Test: "The quick brown fox jumps over the lazy dog. How are you today?" (60 chars)

| Model       | CPU Speed         | GPU Speed (RTX 3080) | Real-time Factor |
| ----------- | ----------------- | -------------------- | ---------------- |
| XTTS v2     | \~15 chars/s      | \~150 chars/s        | 0.3× (GPU)       |
| Bark        | \~5 chars/s       | \~40 chars/s         | 0.1× (GPU)       |
| Kokoro      | \~200 chars/s     | \~800 chars/s        | **5× (GPU)**     |
| Fish Speech | \~80 chars/s      | \~500 chars/s        | **3× (GPU)**     |
| MeloTTS     | **\~500 chars/s** | \~2000 chars/s       | **12× (GPU)**    |

*Real-time factor > 1.0 means faster than playback speed*

### Time to Generate 1 Minute of Audio

| Model       | CPU      | RTX 3080 | A100    |
| ----------- | -------- | -------- | ------- |
| XTTS v2     | \~8 min  | \~30s    | \~10s   |
| Bark        | \~20 min | \~3 min  | \~45s   |
| Kokoro      | \~20s    | \~5s     | \~2s    |
| Fish Speech | \~45s    | \~8s     | \~3s    |
| MeloTTS     | **\~8s** | **\~2s** | **<1s** |

{% hint style="success" %}
**For real-time applications**: MeloTTS and Kokoro are the clear winners.
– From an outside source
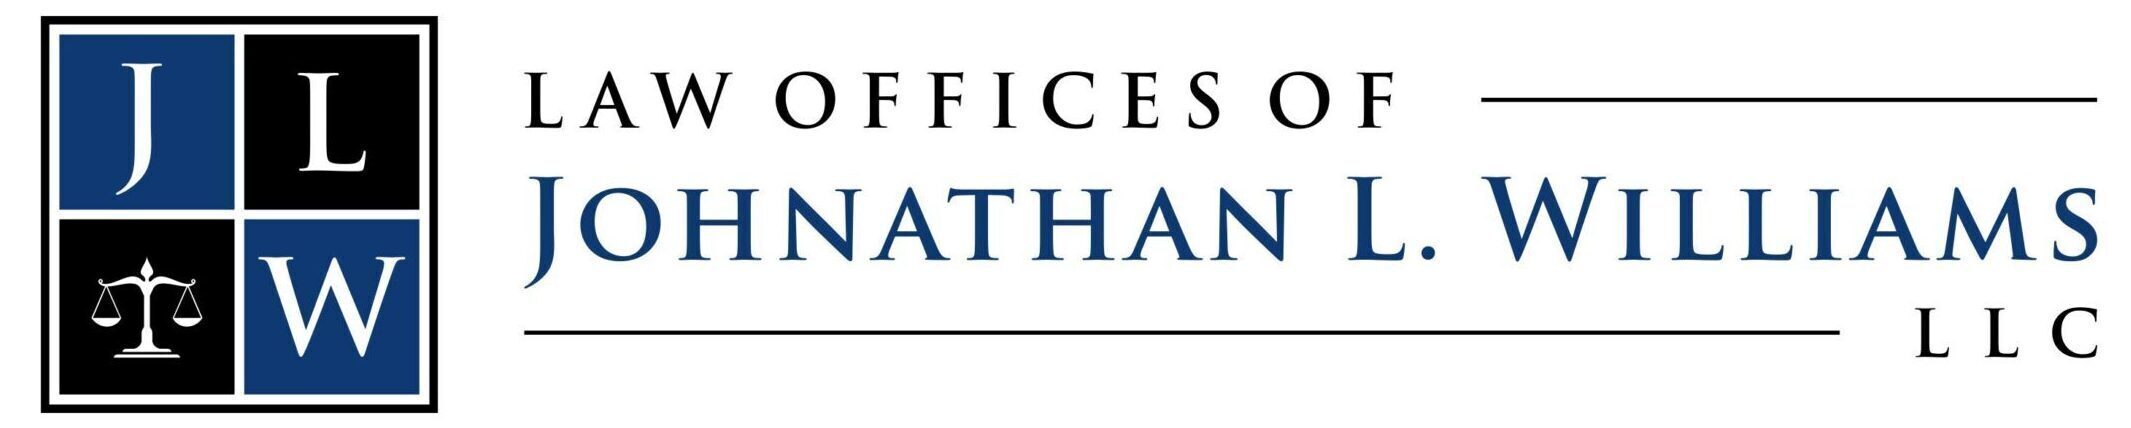 Law Offices of Johnathan L. Williams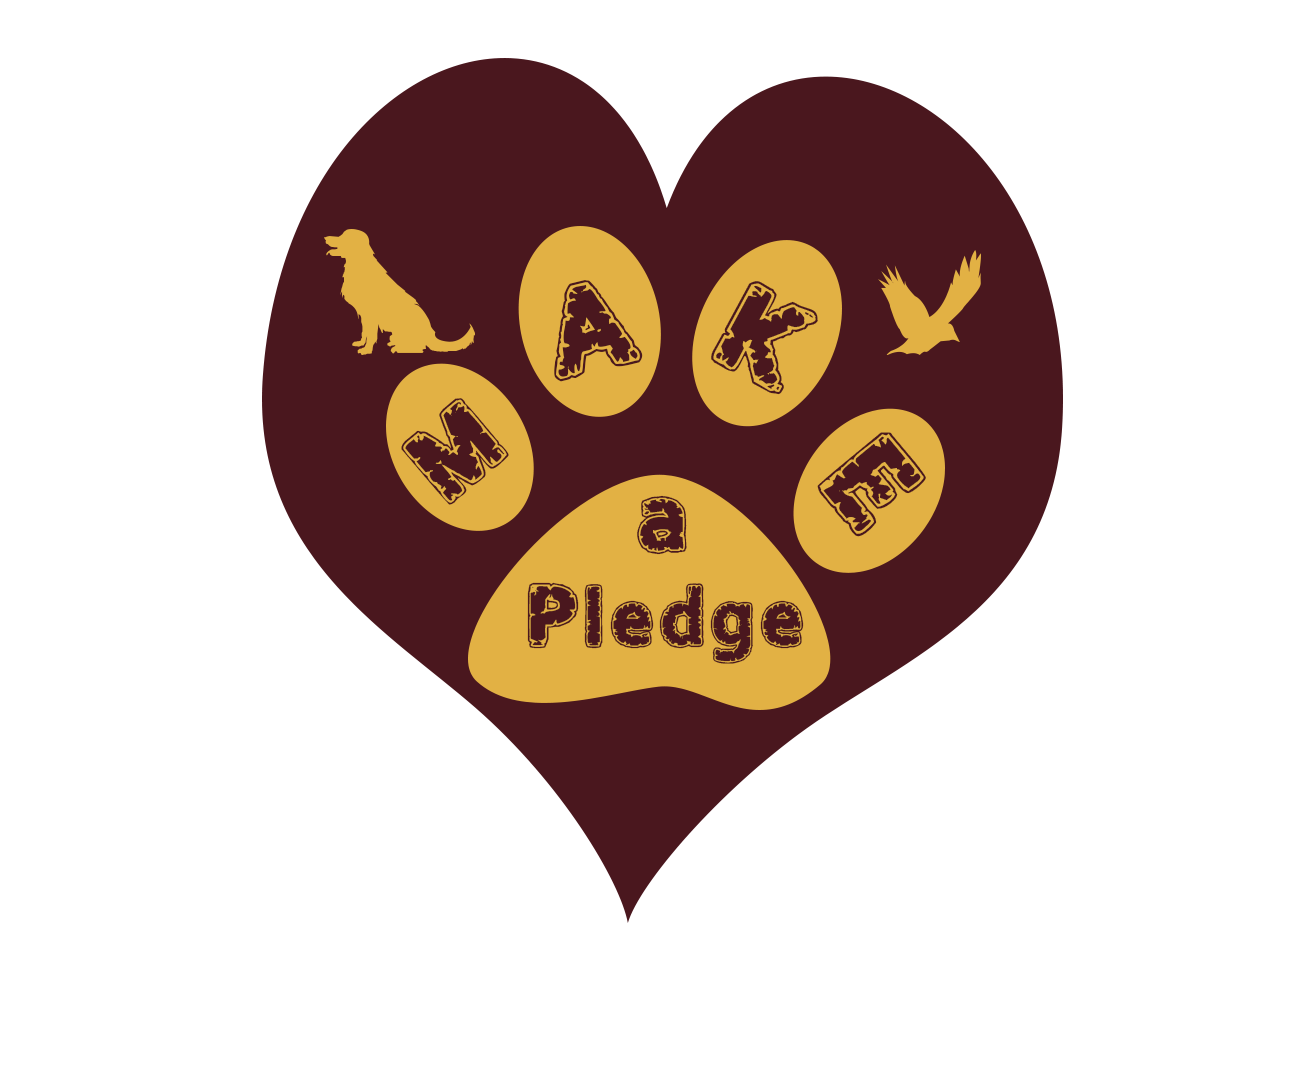 Video Release and Pledge board launch on Animal day | IVSA Nepal

Both can generate speech faster than playback speed even on CPU.
{% endhint %}

***

## Language Support

### Supported Languages

| Model       | Languages | Notable                                                            |
| ----------- | --------- | ------------------------------------------------------------------ |
| XTTS v2     | 17        | EN, ES, FR, DE, IT, PT, PL, TR, RU, NL, CS, AR, ZH, JA, HU, KO, HI |
| Bark        | 10+       | EN, ZH, FR, DE, HI, IT, JA, KO, PL, PT, RU, ES, TR                 |
| Kokoro      | 2         | English (US/UK), Japanese (limited)                                |
| Fish Speech | 8         | EN, ZH, JA, KO, FR, DE, AR, ES                                     |
| MeloTTS     | 8         | EN (4 accents), ES, FR, ZH, JA, KO                                 |

### Language Quality Notes

| Model       | English   | Chinese  | Japanese | European  |
| ----------- | --------- | -------- | -------- | --------- |
| XTTS v2     | Excellent | Good     | Good     | Excellent |
| Bark        | Good      | Fair     | Fair     | Good      |
| Kokoro      | Excellent | ❌        | Limited  | ❌         |
| Fish Speech | Excellent | **Best** | Good     | Good      |
| MeloTTS     | Good      | Good     | Good     | Good      |

{% hint style="info" %}
**For Chinese TTS**: Fish Speech and MeloTTS are the best open-source options. Both handle tones and characters naturally.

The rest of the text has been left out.